Forough has voiced her desire to open new branches of CTI in other cities in Afghanistan and countries throughout the Middle East and Africa.

In 2021, Forough was forced to close the school's physical location in Herat due to the Taliban's takeover of the country. To ensure classes were able to continue virtually, CTI provided laptops and internet packages to students in need. Eighty percent of students have continued to attend the school online.

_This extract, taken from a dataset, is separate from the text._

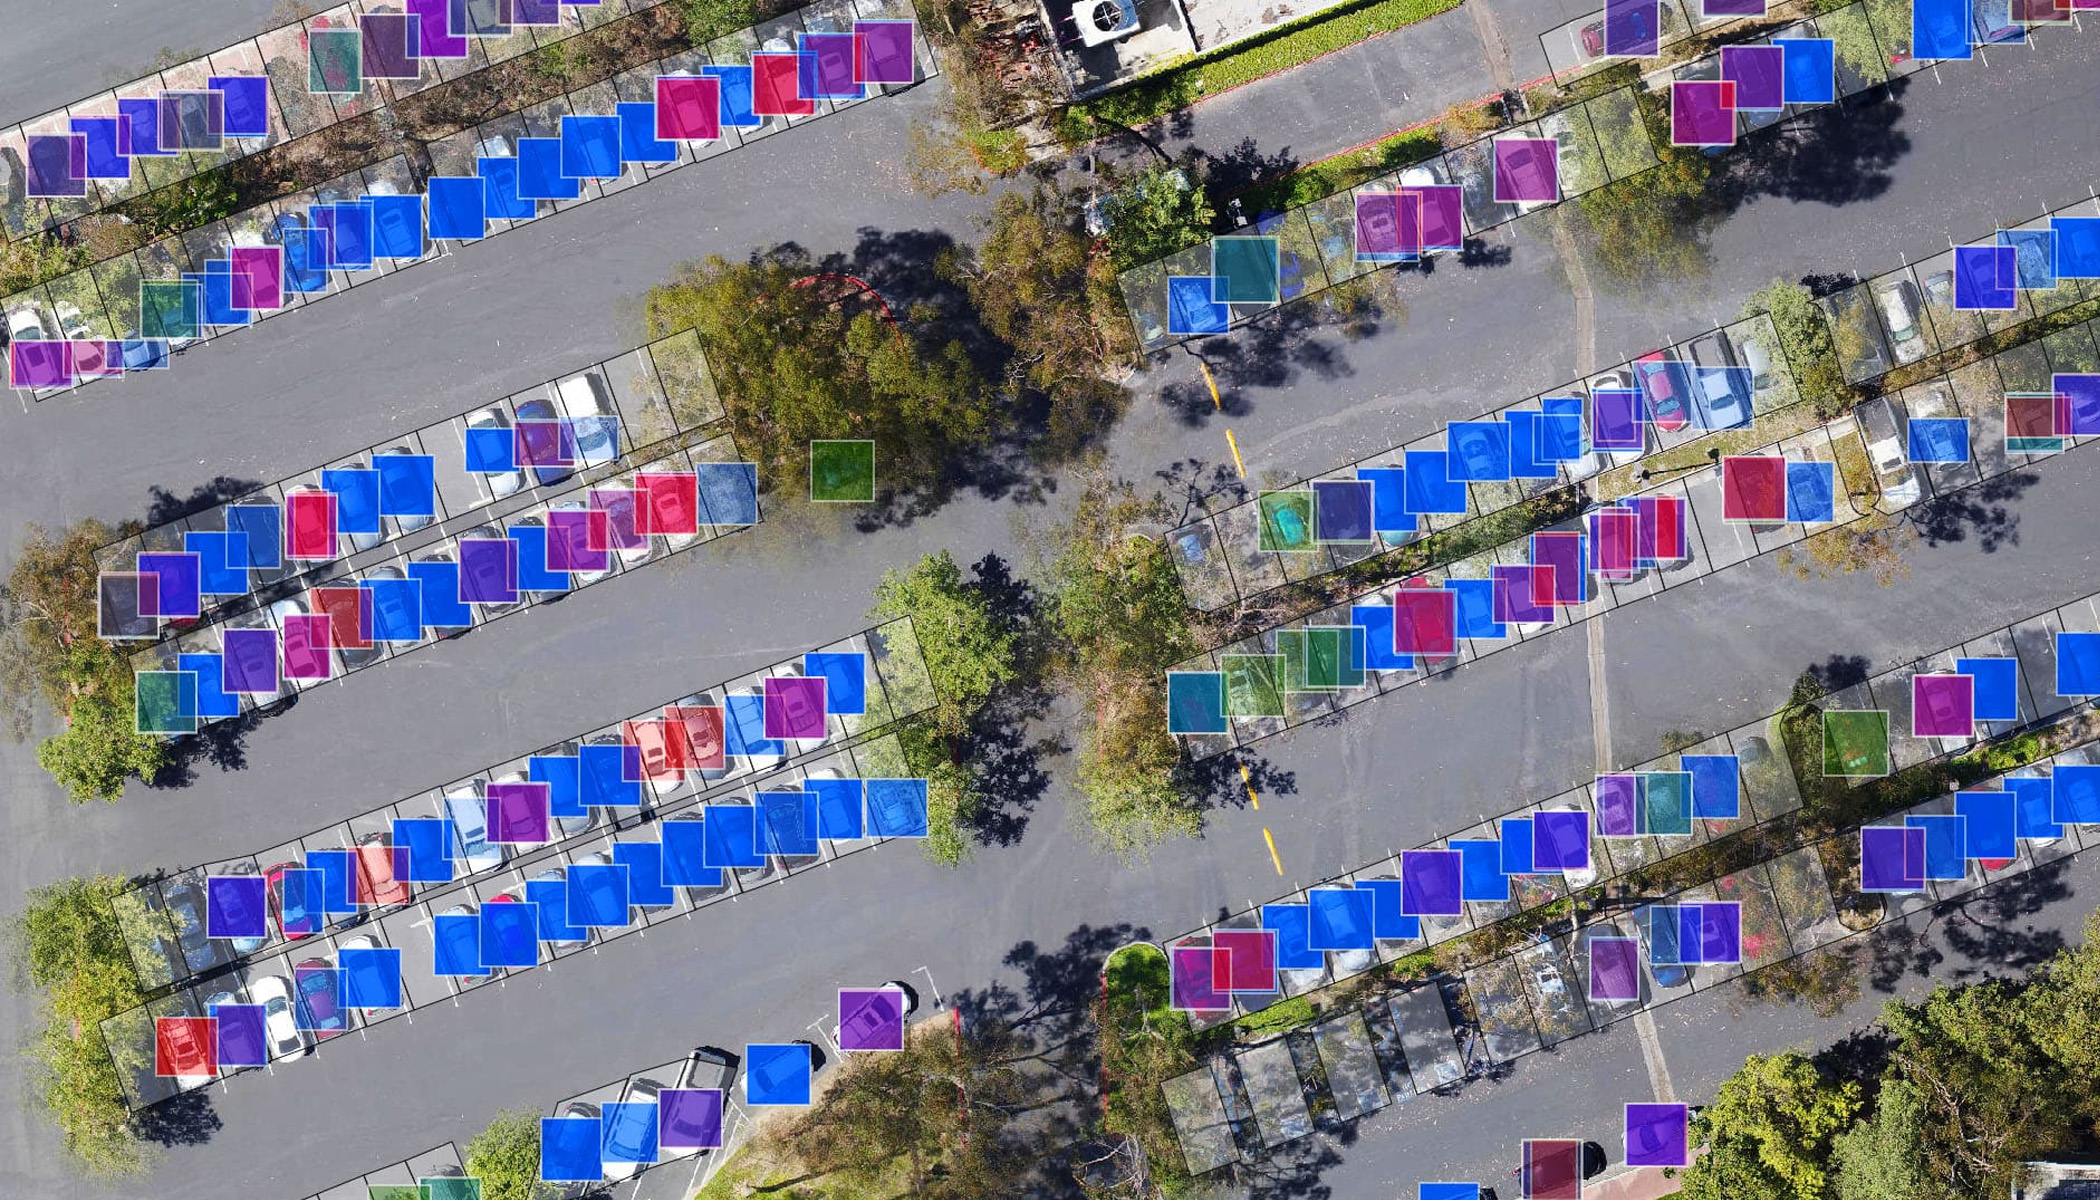 Uma vista aérea de um estacionamento com carros cobertos com quadrados azuis, roxos, verdes e rosa

During the economic crisis that followed the Taliban's return to power, CTI began delivering emergency support to students and their families in cryptocurrency. From September 2021, roughly 100 students were sent about $200 a month in BUSD, a token pegged to the value of the US dollar, which recipients traded for afghanis at local money changers. The method let the transfers work around the withdrawal caps Afghan banks had imposed on customers as well as international sanctions, and Forough said a token of fixed value was chosen over bitcoin because one unit always equals one dollar. Seventy-seven students completed a scholarship programme run by the organization; Forough said the group included what she believed were the first women in Afghanistan working as blockchain coders.

==== Awards ====
In 2016, CTI was the recipient of University of California, Berkeley CITRIS Athena Awards for Women in Technology Next Generation Engagement Award. The same year, CTI was awarded Google's RISE Award which granted the organization $25,000 USD. In 2017, CTI was recognized with Sustainia's Community Award.

== Advocacy ==
Forough gave a TED Talk in 2013 and was a 2015 Clinton Global Initiative panel speaker. She was also a mentor for Google's 2016 project Change is Made with Code.

== Recognition ==
At Marie Claire's first ever Young Women's Honors in 2016, Forough won The Revolutionary award. She was also recognized at The Game Awards 2019 as a Global Gaming Citizen, someone who uses games to create positive change. She has been featured in the books 200 Women: Who Will Change the Way You See the World (2017), Unlocked: How Empowered Women Empower Women (2021), and We Are Still Here: Afghan Women on Courage, Freedom, and the Fight to be Heard (2022).